6.4 Old Sparse Data

Sparse data is typically used to represent boundary conditions. For example, in a structural dynamics program typically some nodes have an imposed force or position. The routines in this section are used to describe this kind of mesh-associated data--data that only applies to some ``sparse'' subset of the nodes or elements.

void FEM_Set_sparse(int S_id,int nRec, const int *nodes,int nodesPerRec, const void *data,int dataPerRec,int dataType);
SUBROUTINE FEM_Set_sparse(S_id,nRec,nodes,nodesPerRec,data,dataPerRec,dataType)
INTEGER, INTENT(IN) :: S_id,nRec,nodesPerRec,dataPerRec,dataType
INTEGER, INTENT(IN) :: nodes(nodesPerRec,nRec)
varies, INTENT(IN) :: data(dataPerRec,nRec)

Register nRec sparse data records with the framework under the number S_id. The first call to FEM_Set_sparse must give a S_id of zero in C (1 in fortran); and subsequent calls to FEM_Set_sparse must give increasing consecutive S_ids.

One sparse data record consists of some number of nodes, listed in the nodes array, and some amount of user data, listed in the data array. Sparse data records are copied into the chunks that contains all that record's listed nodes. Sparse data records are normally used to describe mesh boundary conditions- for node-associated boundary conditions, nodesPerRec is 1; for triangle-associated boundary conditions, nodesPerRec is 3.

In general, nodePerRec gives the number of nodes associated with each sparse data record, and nodes gives the actual node numbers. dataPerRec gives the number of data items associated with each sparse data record, and dataType, one of FEM_BYTE, FEM_INT, FEM_REAL, or FEM_DOUBLE, gives the type of each data item. As usual, you may change or delete the nodes and data arrays after this call returns.

For example, if the first set of sparse data is 17 sparse data records, each containing 2 nodes stored in bNodes and 3 integers stored in bDesc, we would make the call:

/*C version*/
  FEM_Set_sparse(0,17, bNodes,2, bDesc,3,FEM_INT);
! Fortran version
  CALL FEM_Set_sparse(1,17, bNodes,2, bDesc,3,FEM_INT)

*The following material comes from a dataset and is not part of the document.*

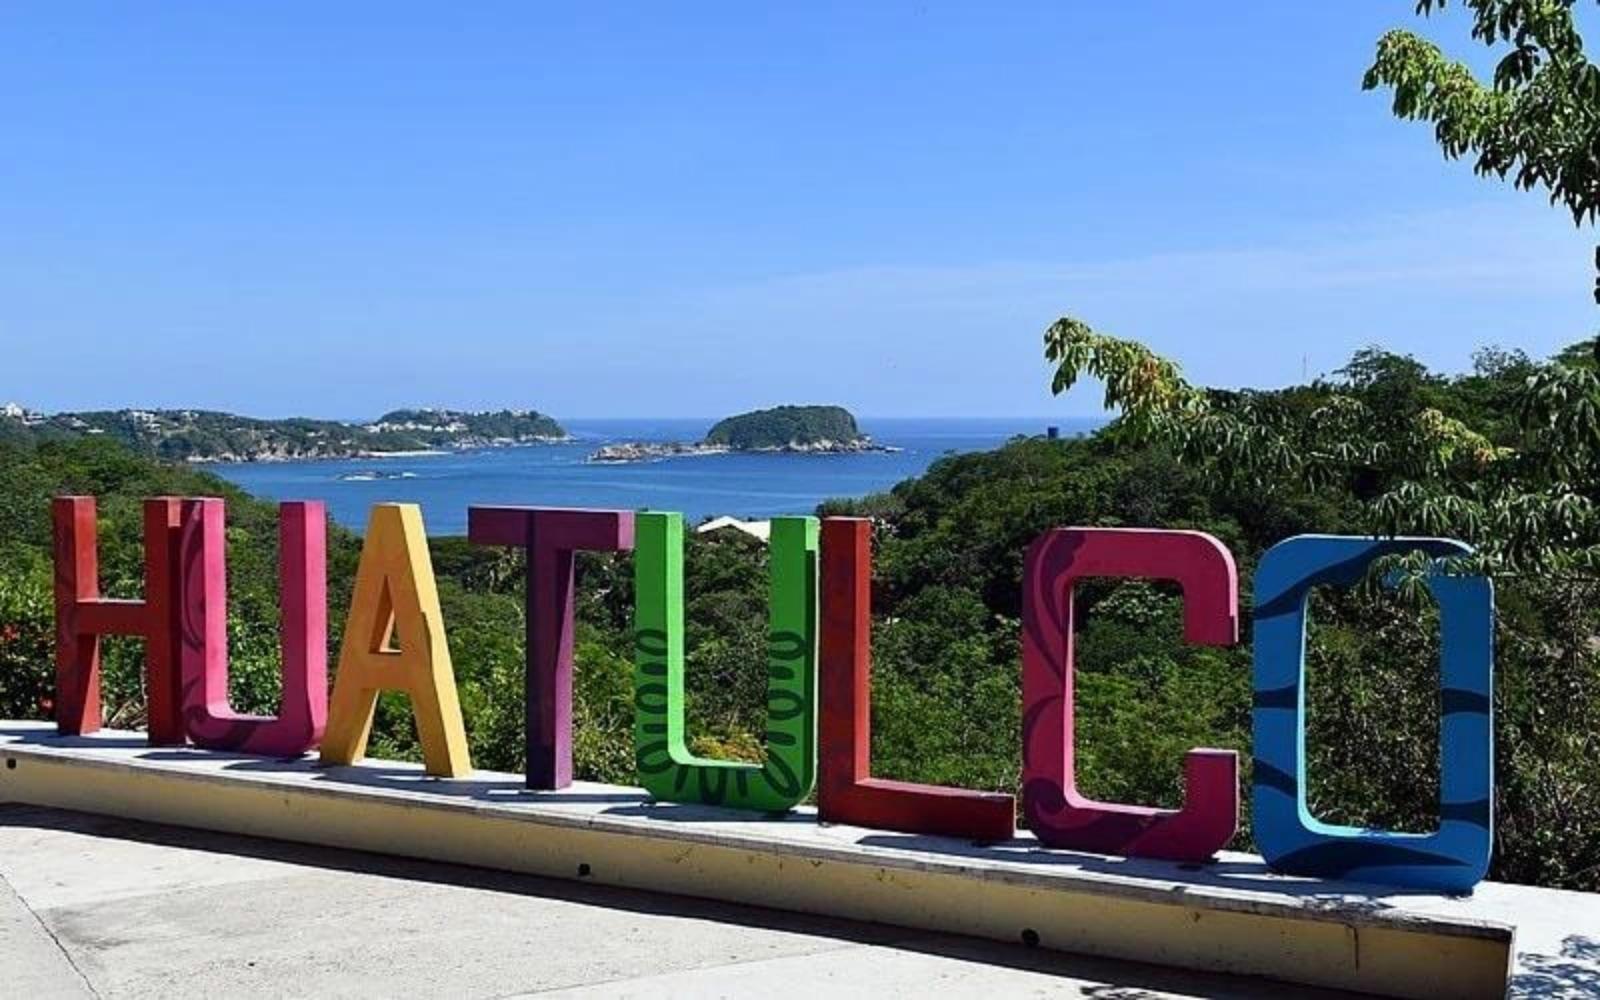 Luxury pet-friendly apartment with pool and gym for sale in Huatulco.
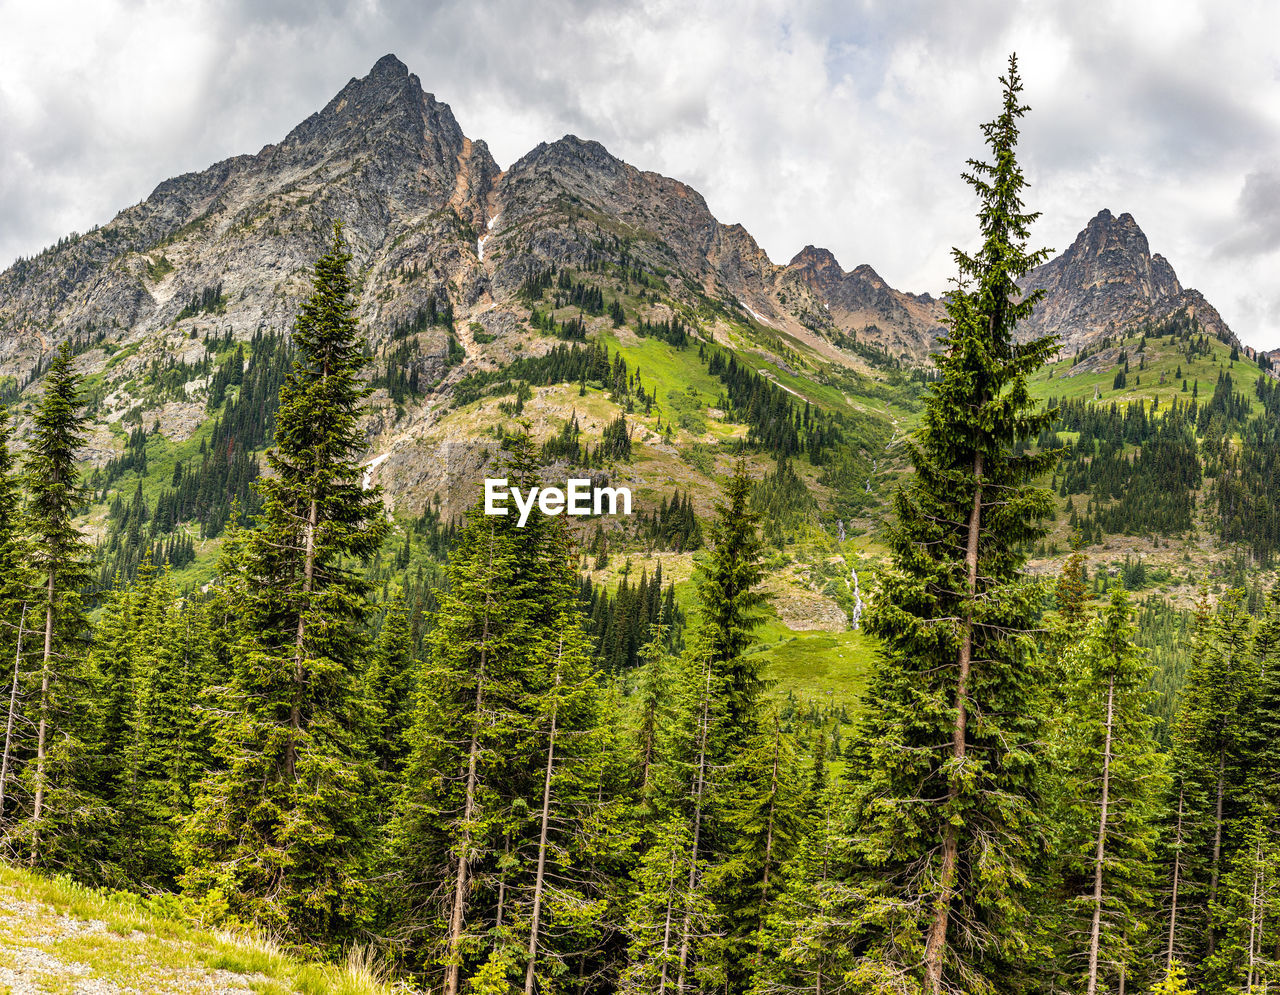 SCENIC VIEW OF PINE TREES AGAINST MOUNTAINS

void FEM_Set_sparse_elem(int S_id,const int *rec2elem);
SUBROUTINE FEM_Set_sparse_elem(S_id,rec2elem)
INTEGER, INTENT(IN) :: S_id
INTEGER, INTENT(IN) :: rec2elem(2,nRec)

Attach the previously-set sparse records S_id to the given elements. rec2elem consists of pairs of integers--one for each sparse data record. The first integer in the pair is the element type to attach the sparse record to, and the second integer gives the element number within that type. For example, to attach the 3 sparse records at S_id to the elements numbered 10, 11, and 12 of the element type elType, use:

/*C version*/
  int rec2elem[]=elType,10, elType,11, elType,12;
  FEM_Set_sparse_elem(S_id,rec2elem);
! Fortran version
  integer :: rec2elem(2,3);
  rec2elem(1,:)=elType
  rec2elem(2,1)=10; rec2elem(2,2)=11; rec2elem(2,3)=12;
  CALL FEM_Set_sparse_elem(S_id,rec2elem)

int FEM_Get_sparse_length(int S_id);
void FEM_Get_sparse(int S_id,int *nodes,void *data);
function FEM_Get_sparse_length(S_id);
INTEGER, INTENT(IN) :: S_id
INTEGER, INTENT(OUT) :: FEM_Get_sparse_Length
SUBROUTINE FEM_Get_sparse(S_id,nodes,data);
INTEGER, INTENT(IN) :: S_id
INTEGER, INTENT(OUT) :: nodes(nodesPerRec,FEM_Get_sparse_Length(S_id))
varies, INTENT(OUT) :: data(dataPerRec,FEM_Get_sparse_Length(S_id))

Retrieve the previously registered sparse data from the framework. FEM_Get_sparse_length returns the number of records of sparse data registered under the given S_id; zero indicates no records are available. FEM_Get_sparse returns you the actual nodes (translated to local node numbers) and unchanged user data for these sparse records.

In this old interface, there is no way to access sparse ghosts.